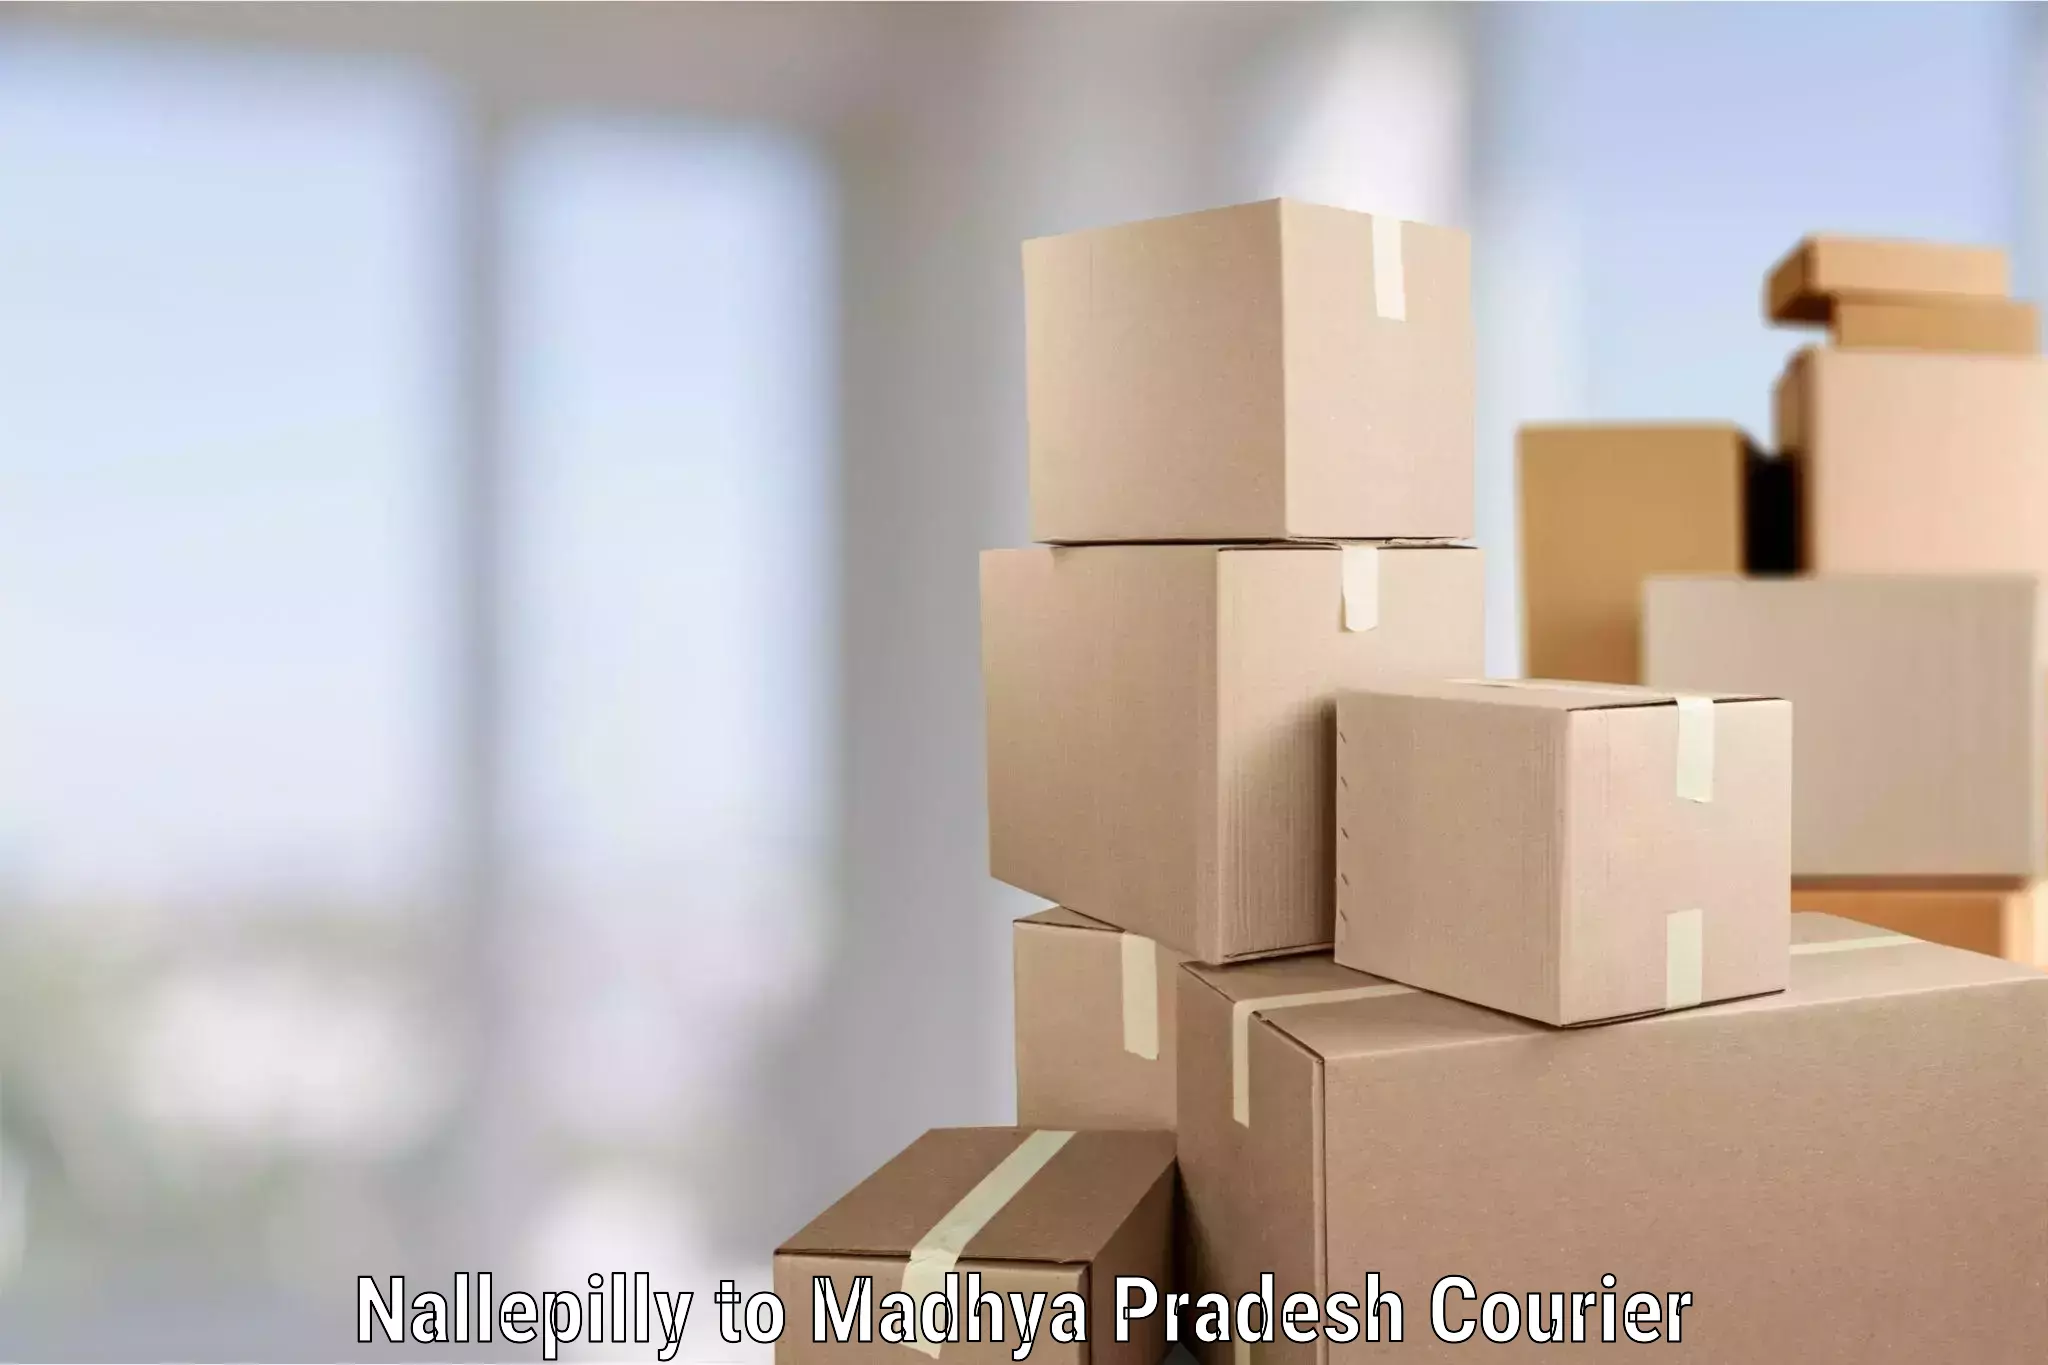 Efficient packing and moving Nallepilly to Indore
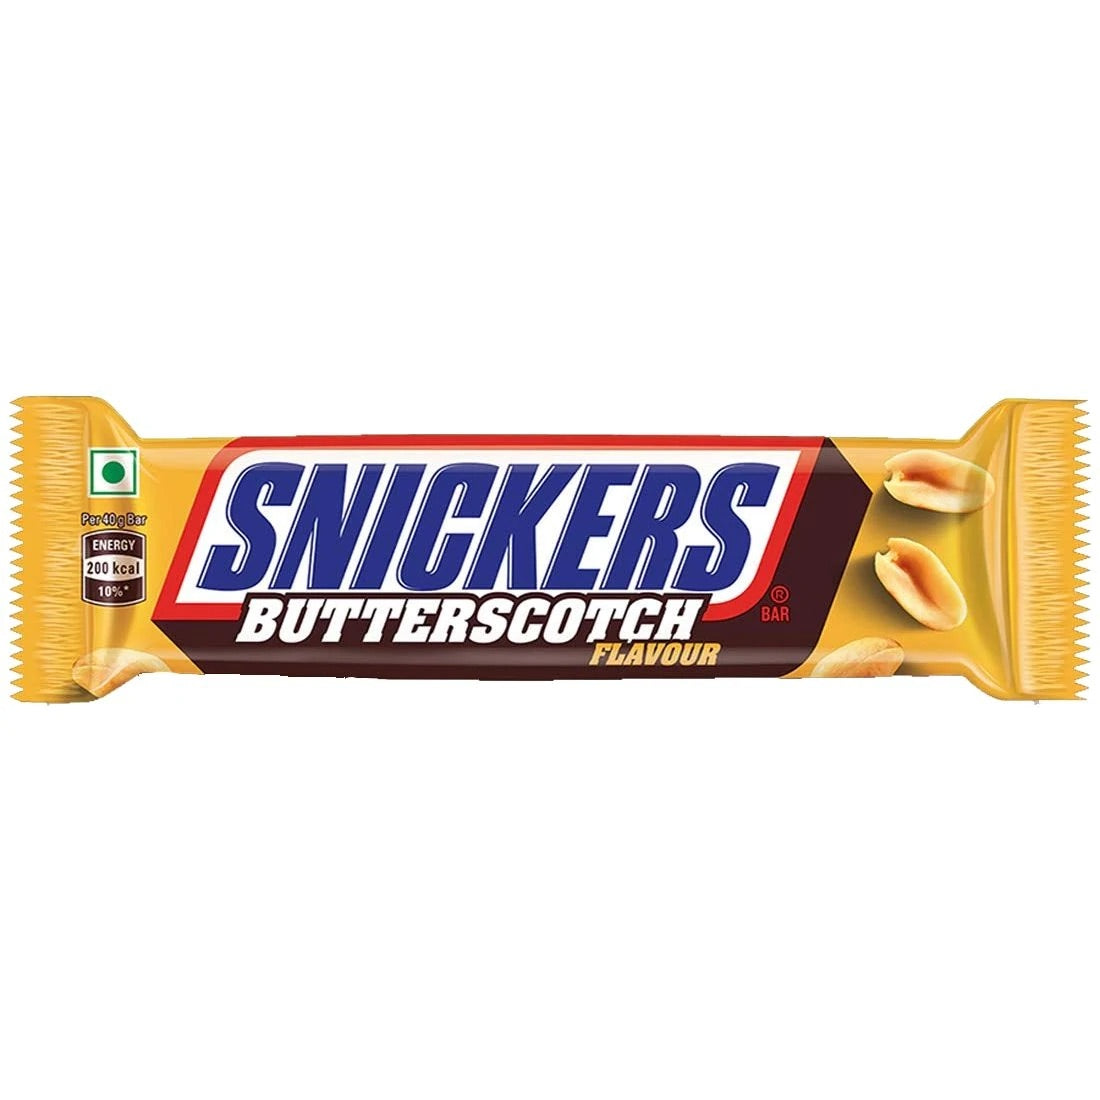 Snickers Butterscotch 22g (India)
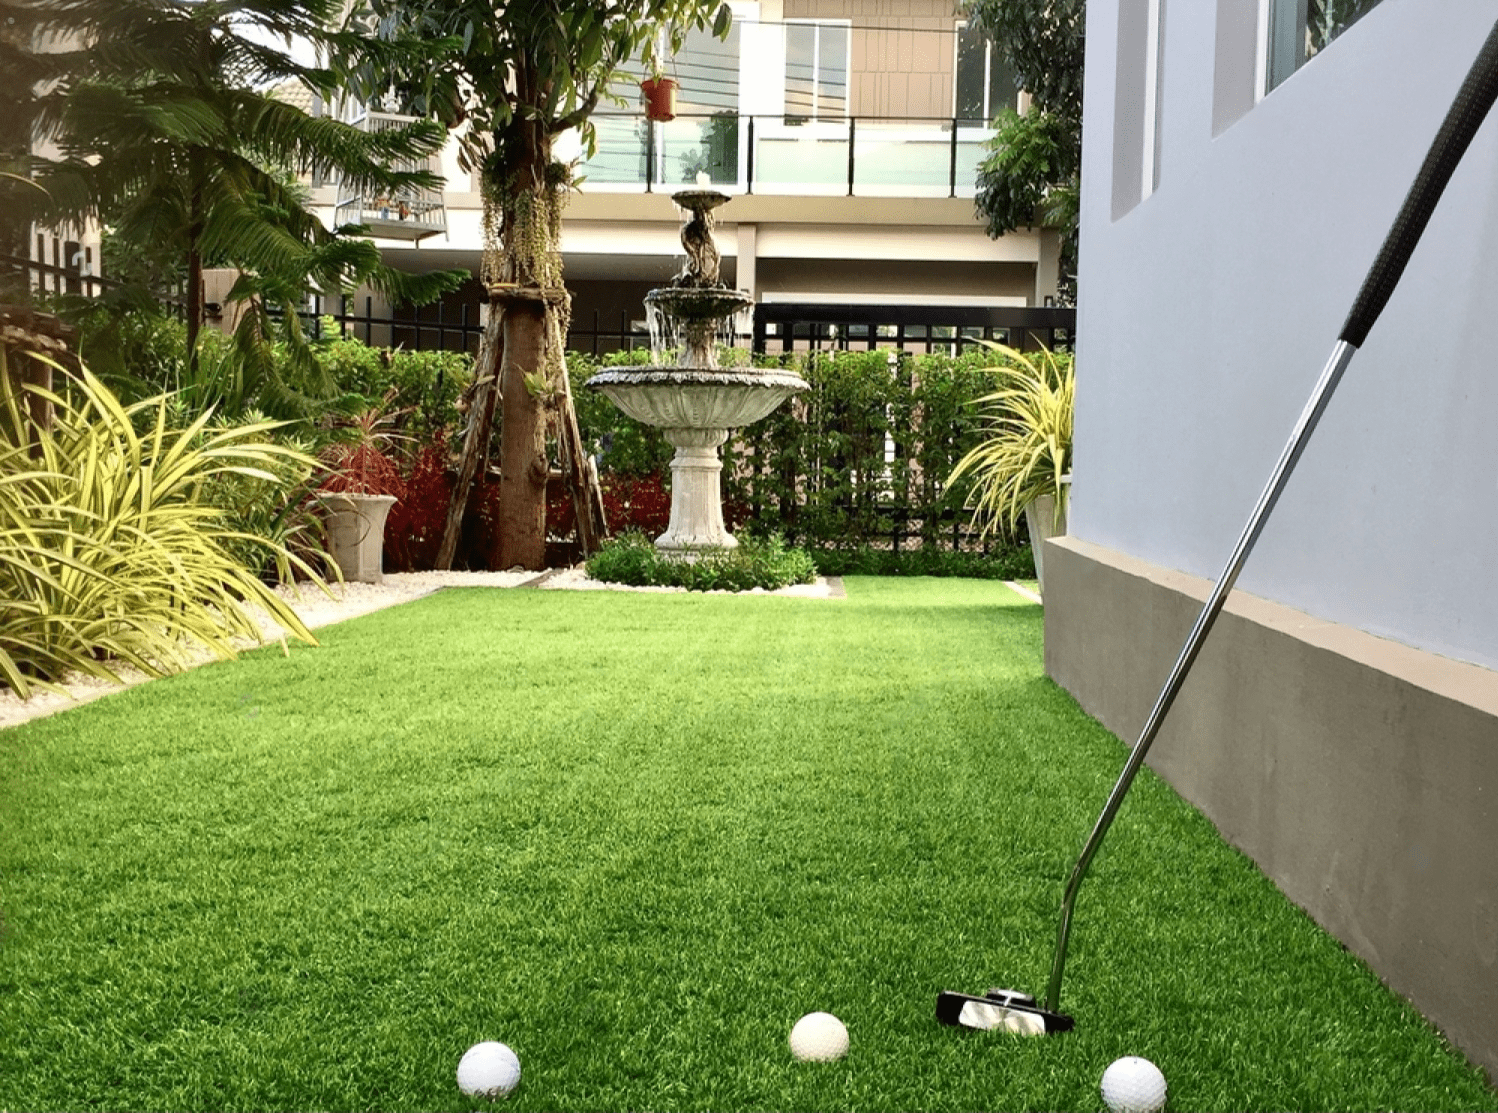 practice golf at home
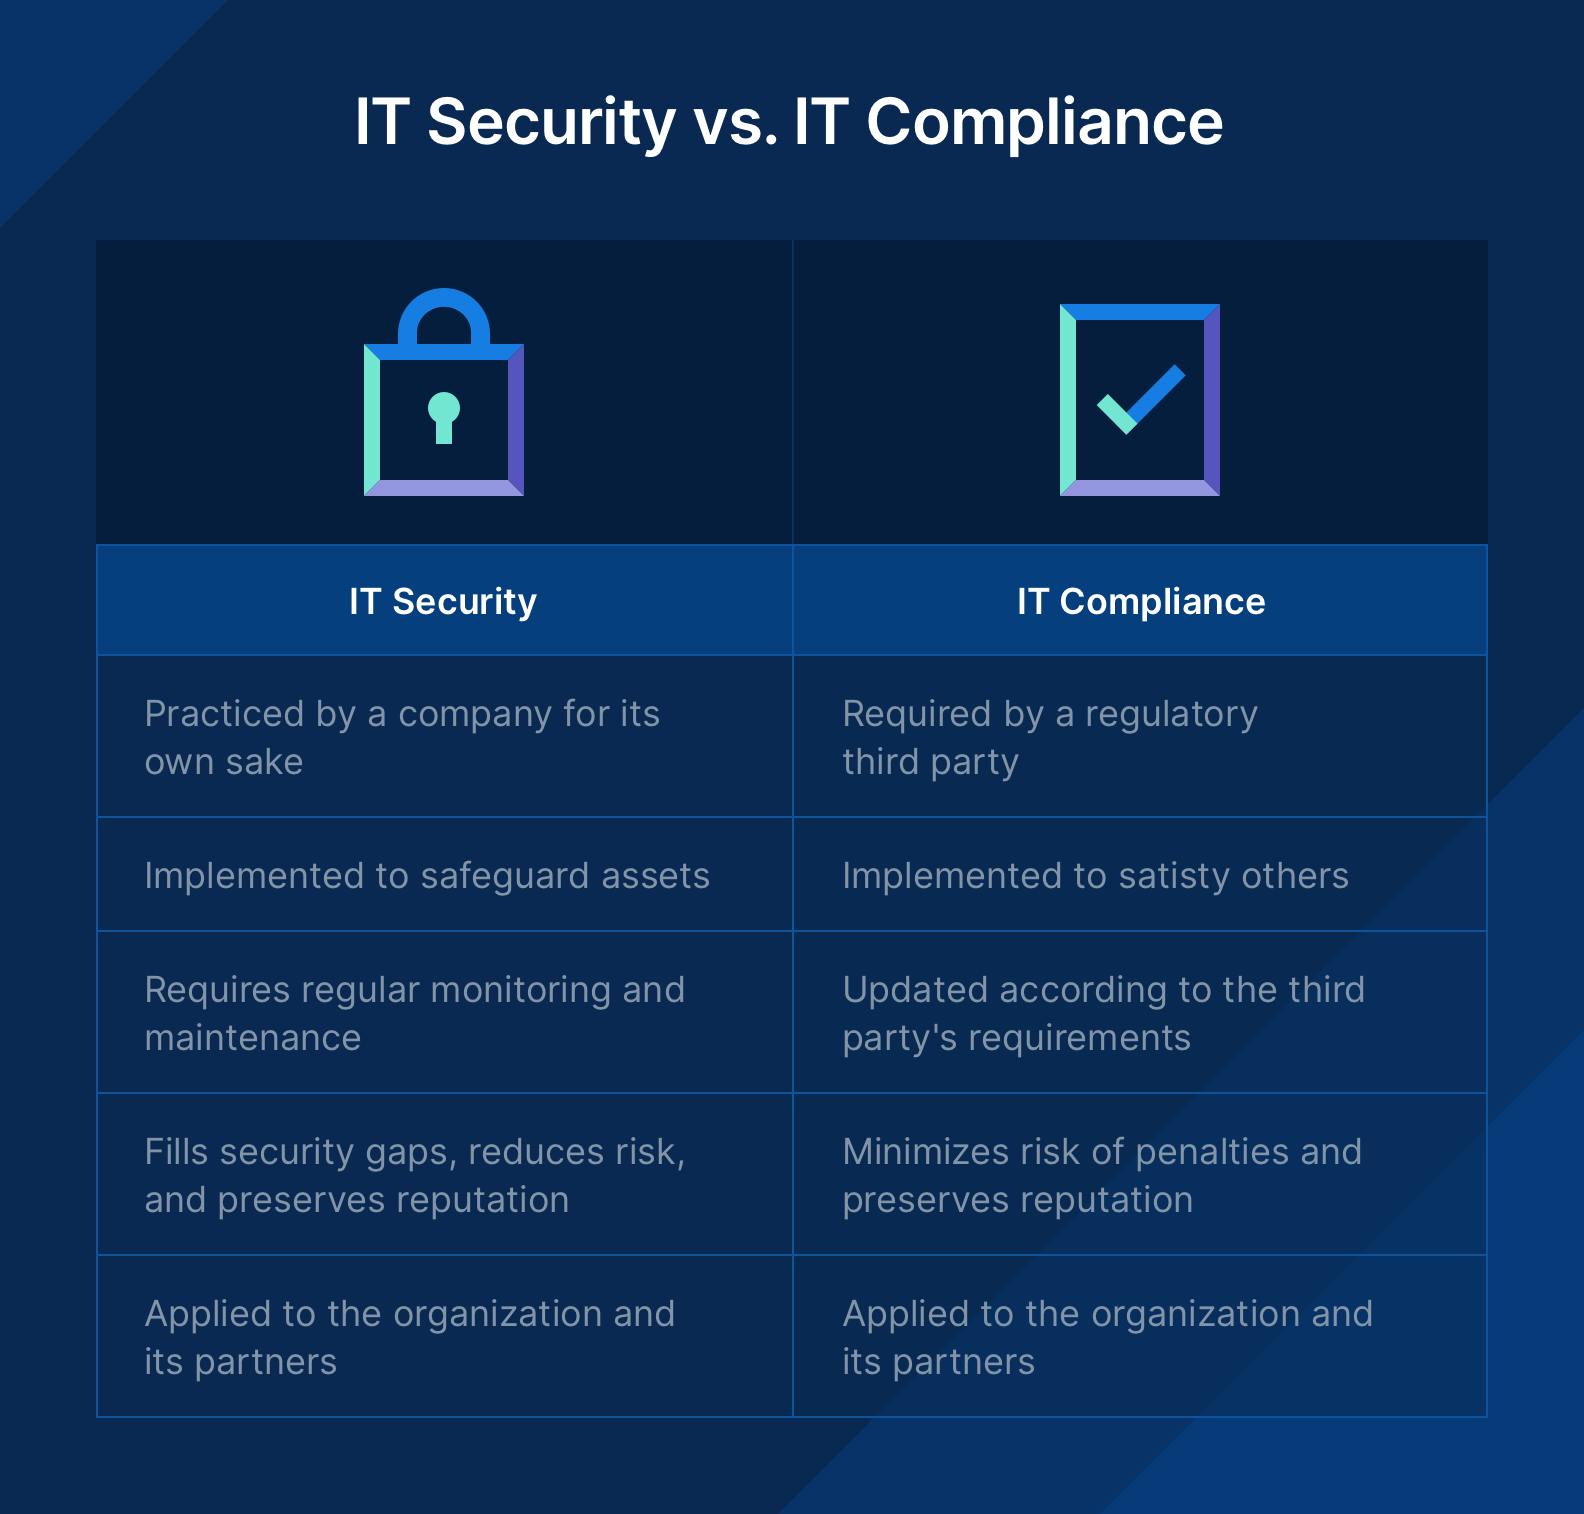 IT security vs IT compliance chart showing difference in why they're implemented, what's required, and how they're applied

YOUR TASK
Could you give the material again exactly as it stands, omitting any image?

ANSWER BOX
 Efficient packing and moving Nallepilly to Indore
 Snickers Butterscotch 22g (India)
 practice golf at home
 IT security vs IT compliance chart showing difference in why they're implemented, what's required, and how they're applied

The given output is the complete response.